Эту общую американскую ненормальность и ущербность мы как-то предчувствовали заранее. Даже наши «Петиции о признании» для многочисленных американских лож были составлены не так, как для всех других. Если англичанам – естественно – мы писали особо строго, внимательно, скрупулезно, с перечислением протокольных «ландмарок», а всем другим ложам мы эти петиции просто скопировали, поменяв адреса, то для американцев
Тот разбой в нарушении всех масонских правил, который характеризует американские ложи, поверг нас в изумление и шок. «Великая Ложа Нью-Йорка»-обычный стандартный небоскреб-офис. Курить, разумеется, нельзя. На полу – мусор, на стульях – жвачка. «Храмы» распахнуты. Их убранство, несмотря на все декоративные масонские штучки, так стандартно и канцелярски невыразительно, что напоминает почему-то залы наших захолустных судов.

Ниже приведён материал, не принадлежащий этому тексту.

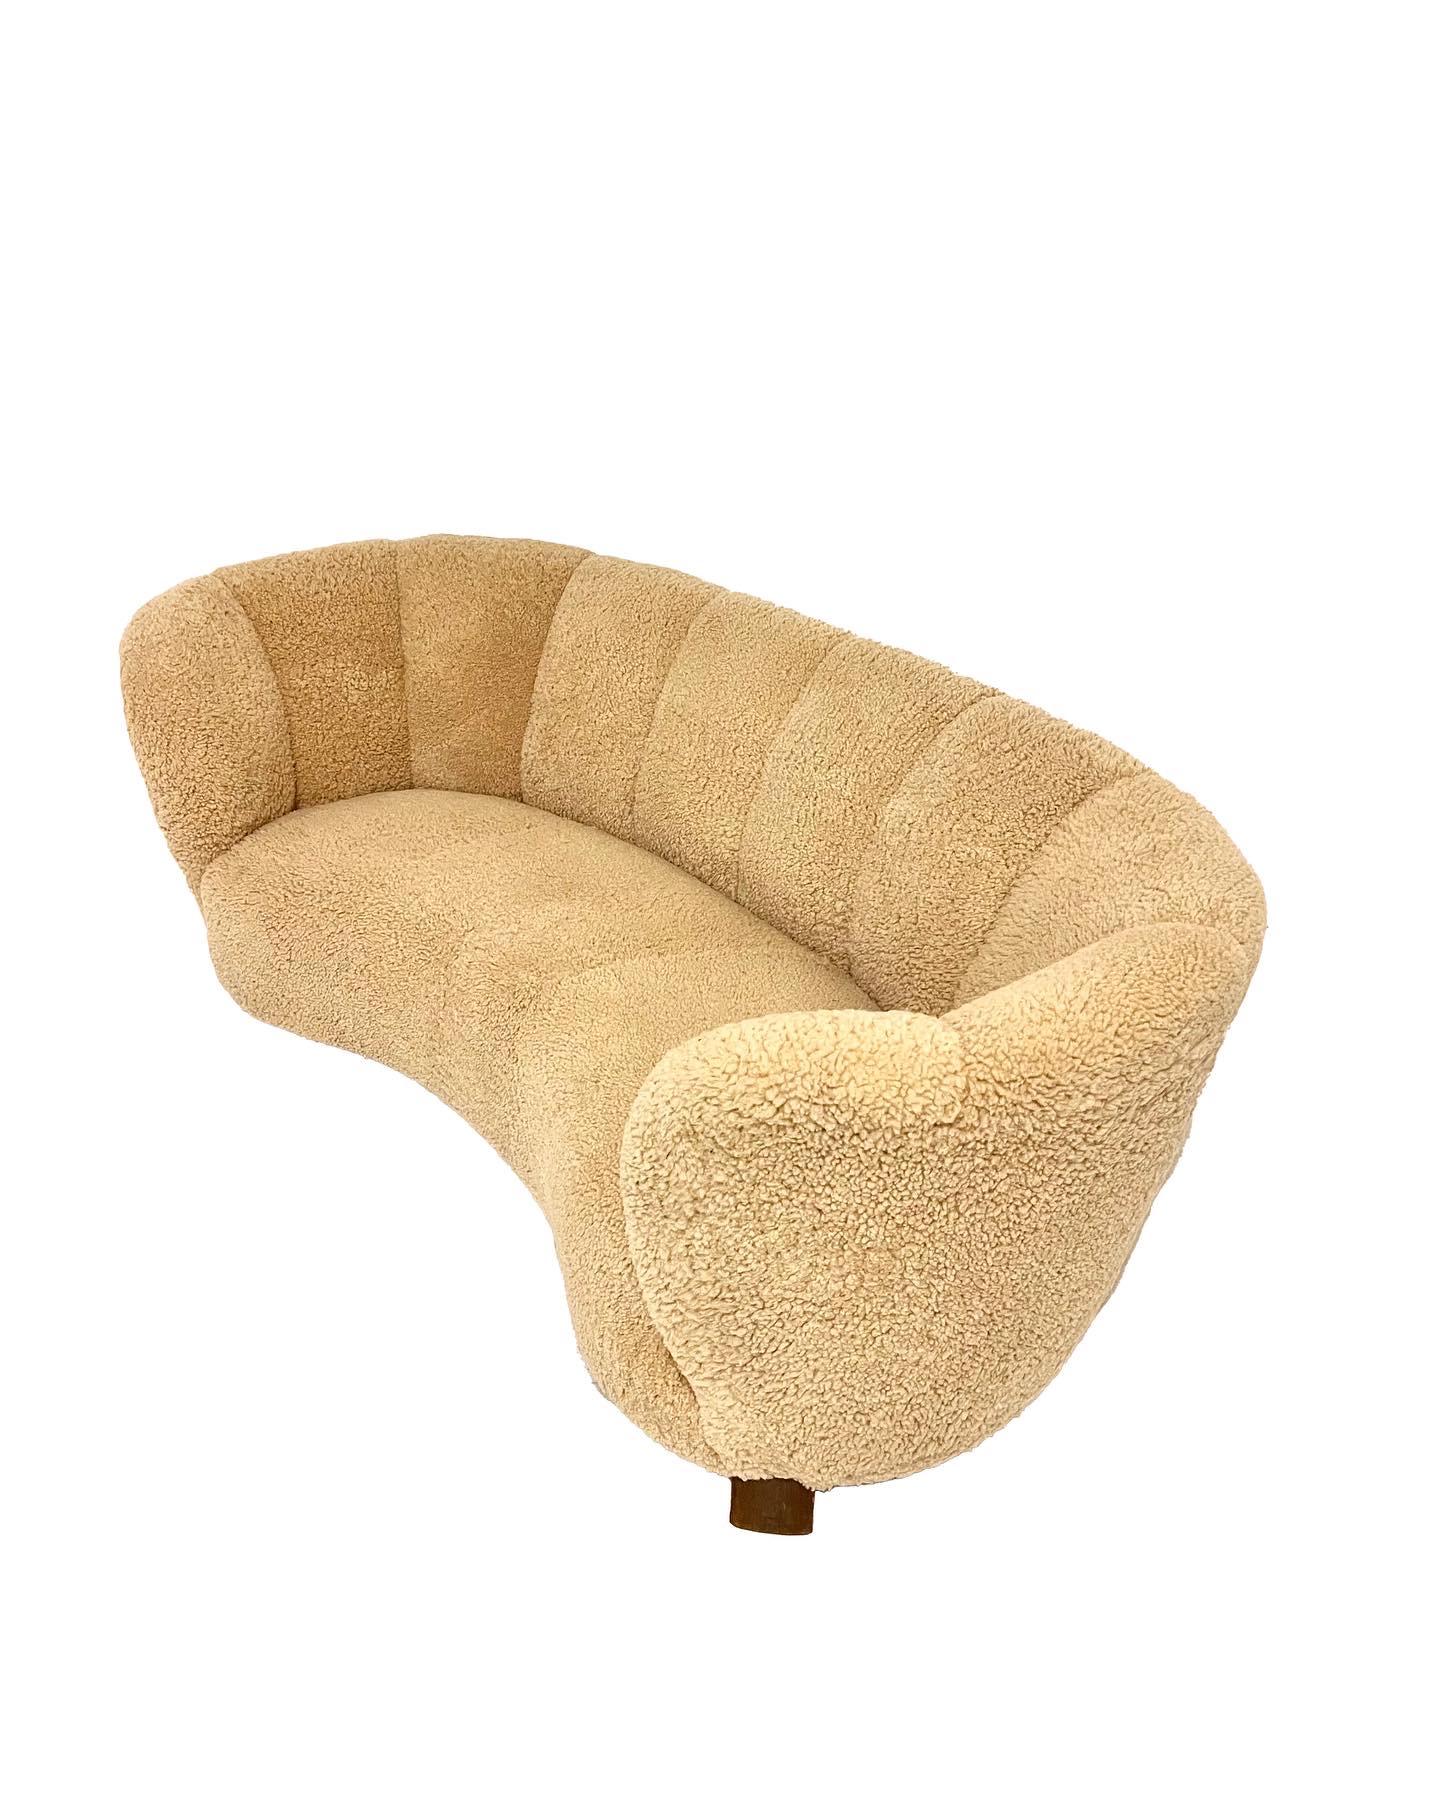 Lambskin 3 Seater Curved Sofa, Attributed to Fritz Hansen, Denmark C. 1930’s in Shearling
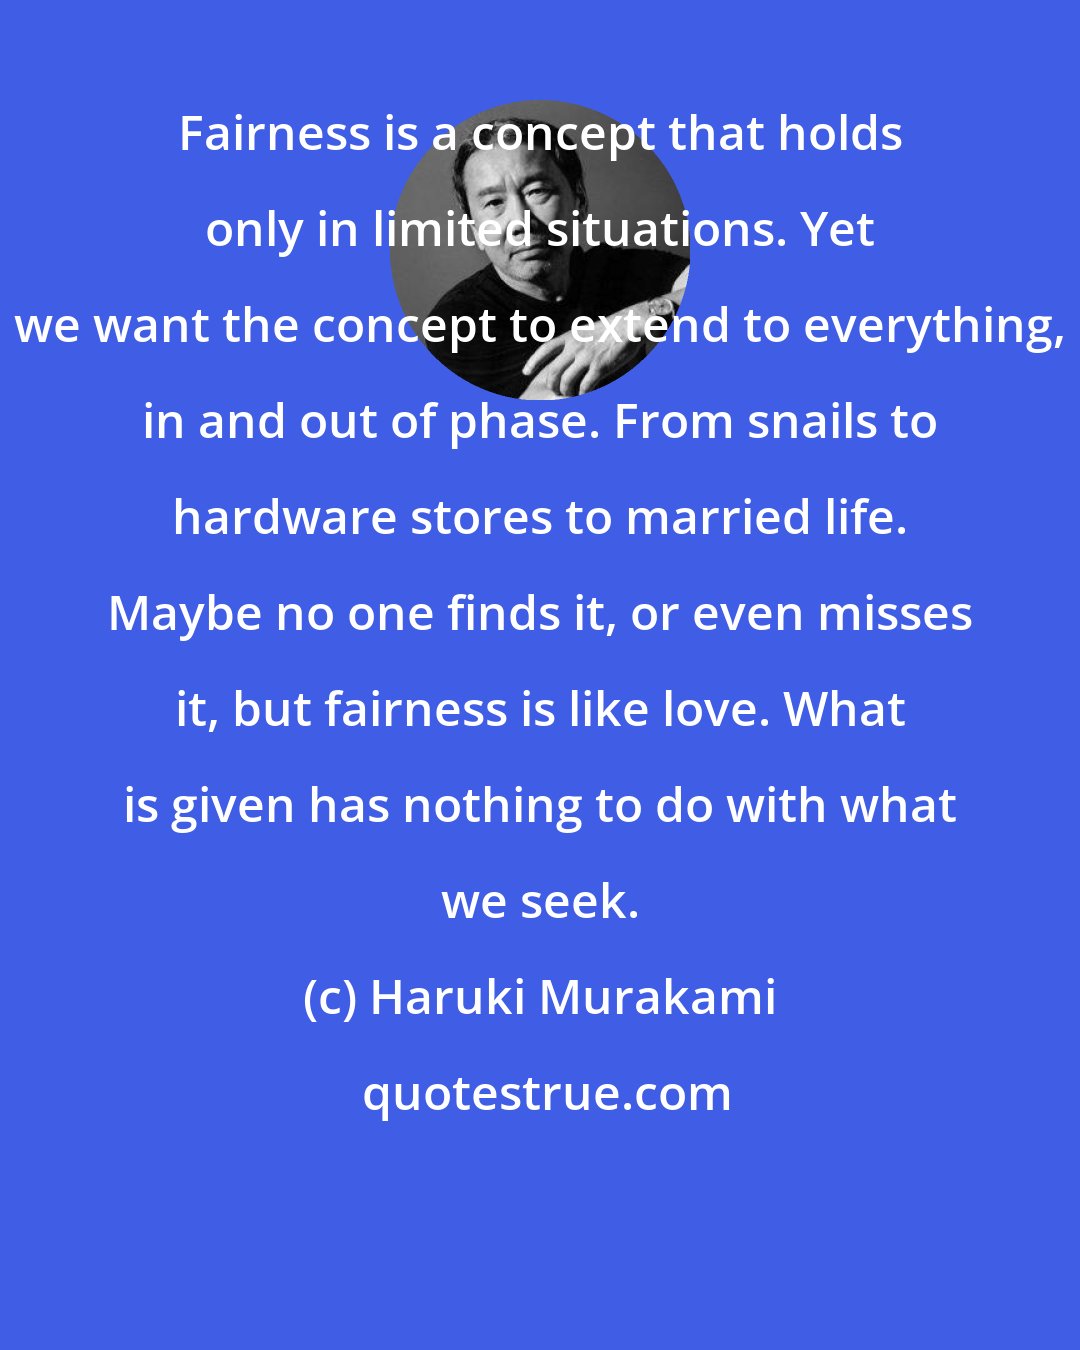 Haruki Murakami: Fairness is a concept that holds only in limited situations. Yet we want the concept to extend to everything, in and out of phase. From snails to hardware stores to married life. Maybe no one finds it, or even misses it, but fairness is like love. What is given has nothing to do with what we seek.

Величайшее масонское посвятительское таинство – инсталяция Великого Мастера Великой Ложи – проходит совершенно открыто и превращено в дешевый балаган. Зрителей полно, они ведут себя, как в сельском клубе – вертятся, общаются, шумят, сорят. Несмотря на пробирающий нас до костей мороз – толстым американским «братьям» жарко. Они, по-простецки сбросив с себя черные пиджаки, демонстрируют потные пятна на несвежих белых сорочках, свернули на бок и расслабили галстуки-«бабочки». Запоны и кордоны на таком дачном фоне одежды выглядят комично.
Весь ход ритуала – сплошная пародия, нарушение всяческих правил. Древние и тайные традиции становятся какой-то смешной игрой, необязательной, и даже не совсем приличной для взрослых людей, дураченьем и кривлянием. «Посвященные» так к этому и относятся. Застучат невпопад, не по делу, молотком и ржут, как кони! Текст присяги «Великий» по бумажке кое-как с трудом проблеял. Со свечами никак разобраться не могли: то зажгут, то погасят. А профаны – непосвященные, даже ничего не понимающие в этом ритуале зрители, прекрасно чувствуют, что спектакль «сбоит», что артисты не выучили ни ролей, ни разводки мизансцены, что это вообще какая-то самодеятельность, «капустник», народный театр.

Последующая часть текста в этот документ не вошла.